13. The method as described in claim 2, further characterized in that the images in the group of images are P-pictures (1010)

14. An apparatus, comprising: a decoder (1210) that accesses a stream of bits that includes encoded images; Y a scene cutting artifact detector that determines (1230) a scene cut image in the bit stream using the bitstream information without decoding the bit stream to derive the pixel information.

15. The apparatus as described in claim 14, further characterized in that the decoder (1210) decodes at least one of frame sizes, prediction residues and motion vectors for a group of images of a bit stream, wherein the group of images includes at least one of a candidate scene cut image, an image that precedes a scene cut image, and an image that follows the scene cut image candidate, and wherein the scene cutoff detector (1230) determines the respective difference measurements for the candidate scene cut image in response to at least one of the frame sizes, the prediction residuals, and the motion vectors and determines that the candidate scene cut image is the scene cut image if one or more of the difference measures exceeds their respective pre-determined thresholds.

16. The apparatus as described in claim 15, further characterized by additionally comprising: a candidate cut scene artifact detector (1220) which selects an intra image as the candidate scene cut image if the compressed data for at least one block in the intra image is lost.

17. The apparatus as described in claim 16, further characterized in that the scene cutoff detector (1230) determines that the at least one block in the scene cut image has a scene cutoff artifact.

18. The apparatus as described in claim 17, further characterized by additionally comprising: a quality predictor (1240) that assigns a lower quality level to the at least one block that is determined to have the scene cutoff artifact.

19. The apparatus as described in claim 15, further characterized in that it further comprises: a candidate scene cutting artifact detector (1220) that selects an image that refers to a lost image as the candidate scene cut image.

20. The apparatus as described in claim 19, further characterized in that the candidate scene cutting artifact detector (1220) determines an estimated number of transmitted packets of an image and an average number of transmitted packets of images preceding the image, and selects the image as the candidate scene cut image when a ratio between the estimated number of packets transmitted from the image and the average number of packets transmitted from the images preceding the image exceed a predetermined threshold.

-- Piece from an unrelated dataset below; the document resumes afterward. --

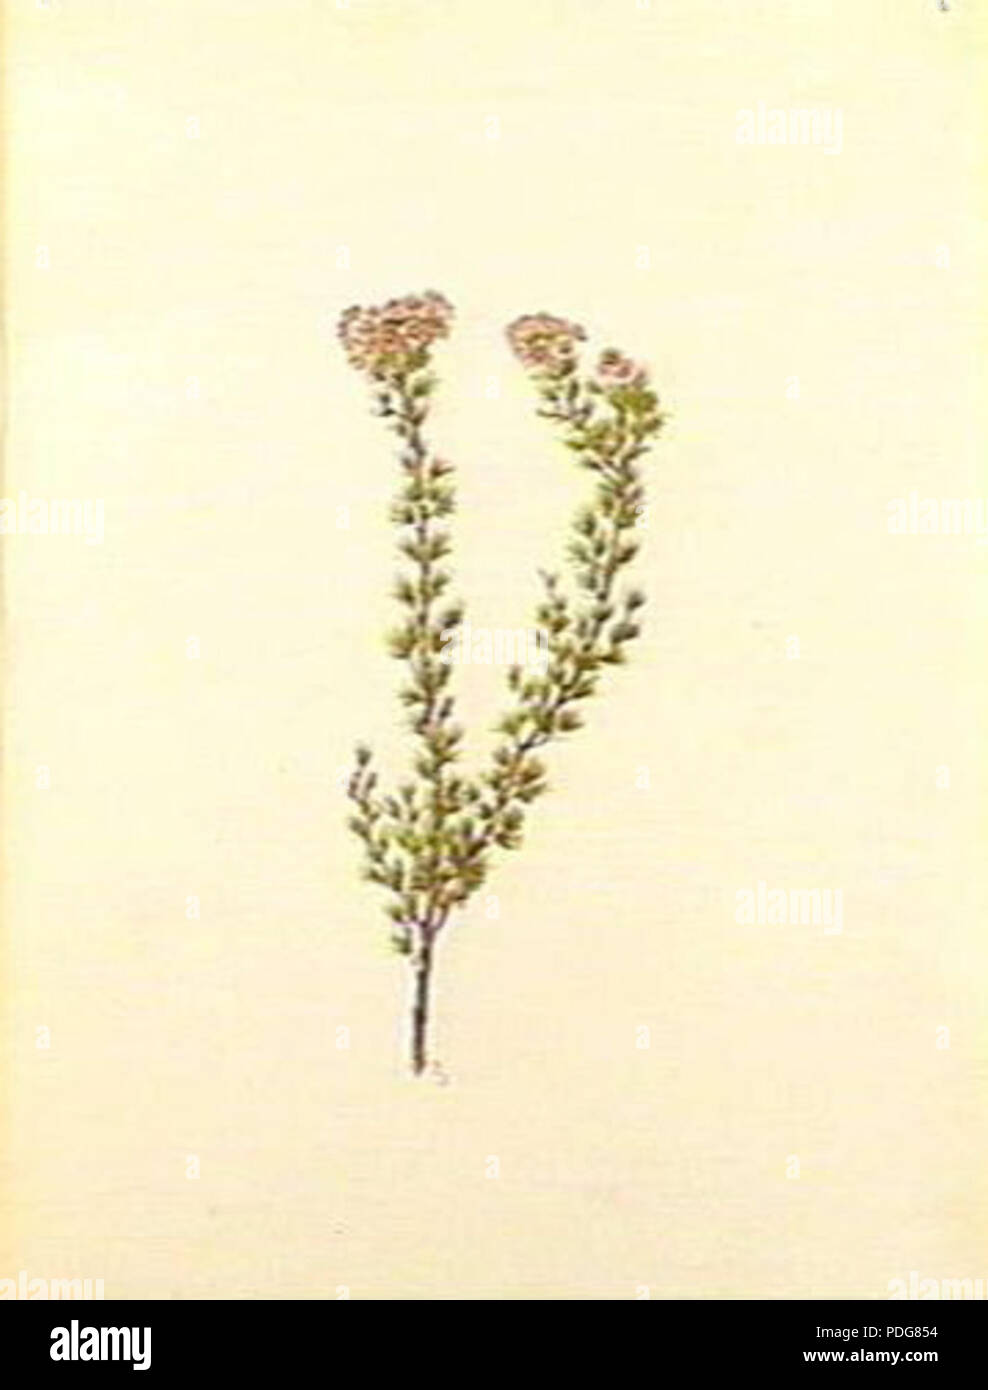 318 Verticordia brownii (Forster) Stock Photo

21. The apparatus as described in the claim 19, further characterized in that the candidate scene cutting artifact detector (1220) determines an estimated number of transmitted bytes of an image and an average number of transmitted bytes of images that precede the image, and selects the image as the image of court of Candidate scene when a ratio between the estimated number of bytes transmitted from the image and the average number of bytes transmitted from the images that precede the image, exceed a predetermined threshold.

22. The apparatus as described in the claim 21, further characterized in that the candidate scene cutoff artifact detector (1220) determines the estimated number of bytes transmitted in response to a number of bytes received from the image and an estimated number of bytes lost.

23. The apparatus as described in the claim 19, further characterized in that the scene cutting artifact detector (1230) determines that a block in the scene cut image has a scene cut artifact when the block refers to the lost image.

24. The apparatus as described in the claim 23, further characterized by additionally comprising: a quality predictor (1240) assigns a lower quality level to the block where it is determined that the block has the scene cutting artifact.

25. A means readable by the processor that has stored in it instructions to cause one or more processors to perform collectively: access a bit stream that includes encoded images; Y determine (1080) the scene cut images in the bit stream using the bitstream information without decoding the bitstream to derive the pixel information.